In order to really free the memory held by an instance just do:
template <typename T>
inline void really_free_all_memory(std::vector<T>& to_clear)
{
std::vector<T> v;
v.swap(to_clear);
}
// ...
std::vector<foo> objs;
// ...
// really free instance 'objs'
really_free_all_memory(objs);
which creates a new (empty) instance and swaps it with your vector instance you would like to clear.
Use the correct tools to observe your memory usage, e.g. (on Windows) use Process Explorer and observe Private Bytes. Don't look at Virtual Address Space since that shows the highest memory address in use. Fragmentation is the cause of a big difference between both values.
Also realize that there are a lot of layers in between your application and the operating system:
the std::vector does not necessarily free all memory immediately (see tip of hkaiser)
the C Run Time does not always return all memory to the operating system
the Operating System's Heap routines may not be able to free all memory because it can only free full pages (of 4 KB).
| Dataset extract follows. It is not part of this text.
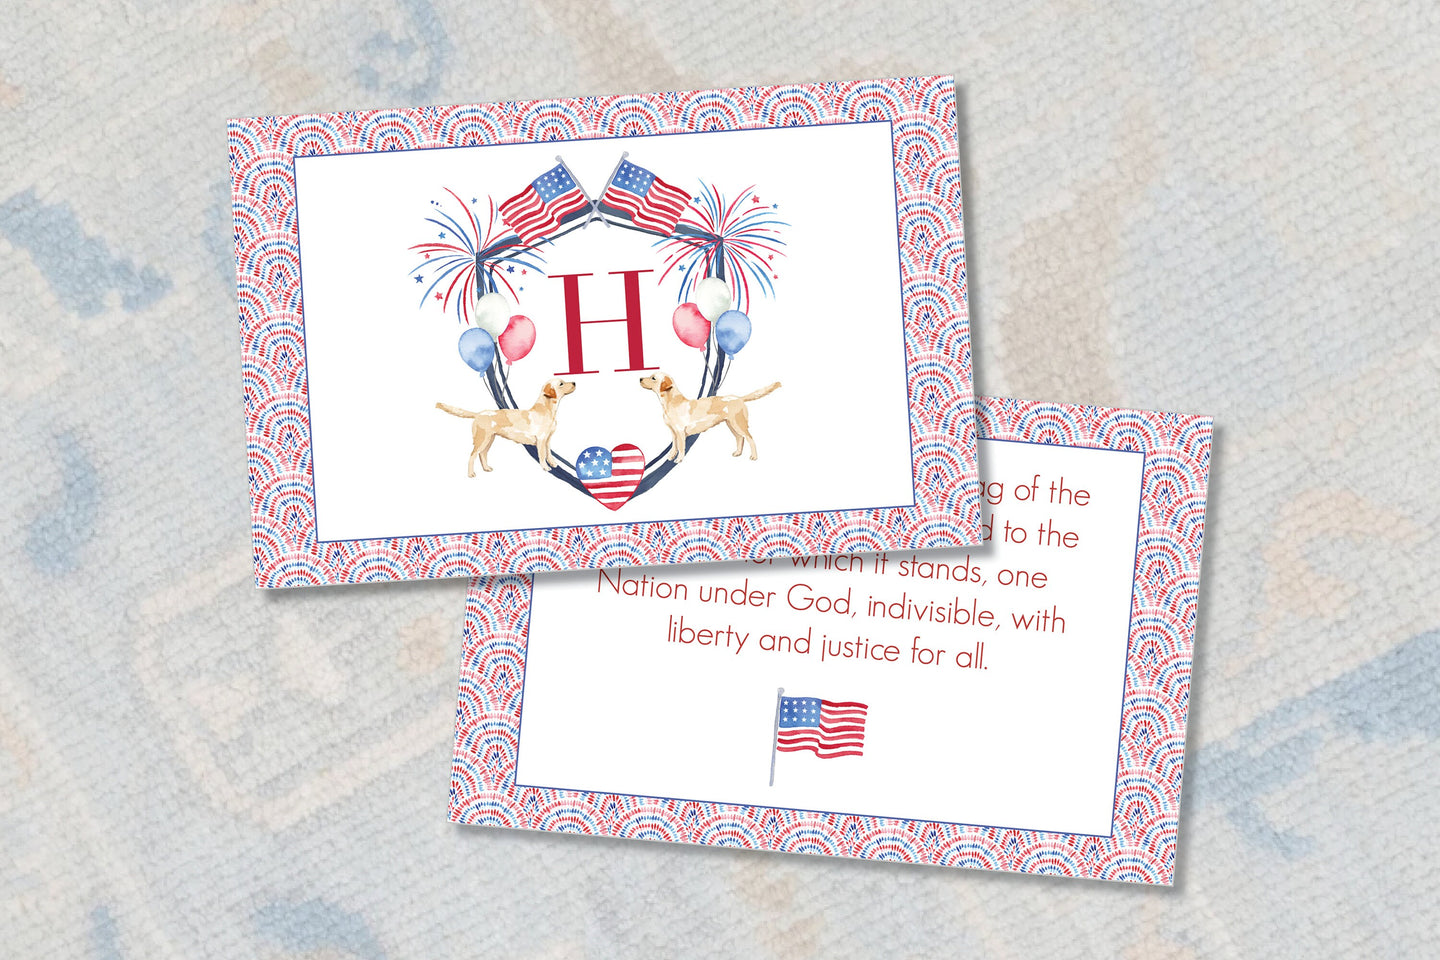 Personalized Summertime Placemat / Fourth of July Placemat / USA Placemat / Red, White, and Two Placemat / Laminated Placemat

If 1 byte of a 4KB page is stil used, the page cannot be freed.
There are a few possible things at play here.
First, the way memory works in most common C and C++ runtime libraries is that once it is allocated to the application from the operating system it is rarely ever given back to the OS. When you free it in your program, the new memory manager keeps it around in case you ask for more memory again. If you do, it gives it back for you for re-use.
The other reason is that vectors themselves typically don't reduce their size, even if you clear() them. They keep the "capacity" that they had at their highest so that it is faster to re-fill them. But if the vector is ever destroyed, that memory will then go back to the runtime library to be allocated again.
So, if you are not destroying your vectors, they may be keeping the memory internally for you. If you are using something in the operating system to view memory usage, it is probably not aware of how much "free" memory is waiting around in the runtime libraries to be used, rather than being given back to the operating system.
The reason your memory usage increases slightly (instead of not at all) is probably because of fragmentation. This is a sort of complicated tangent, but suffice it to say that allocating a lot of small objects can make it harder for the runtime library to find a big chunk when it needs it. In that case, it can't reuse some of the memory it has laying around that you already freed, because it is in lots of small pieces. So it has to go to the OS and request a big piece.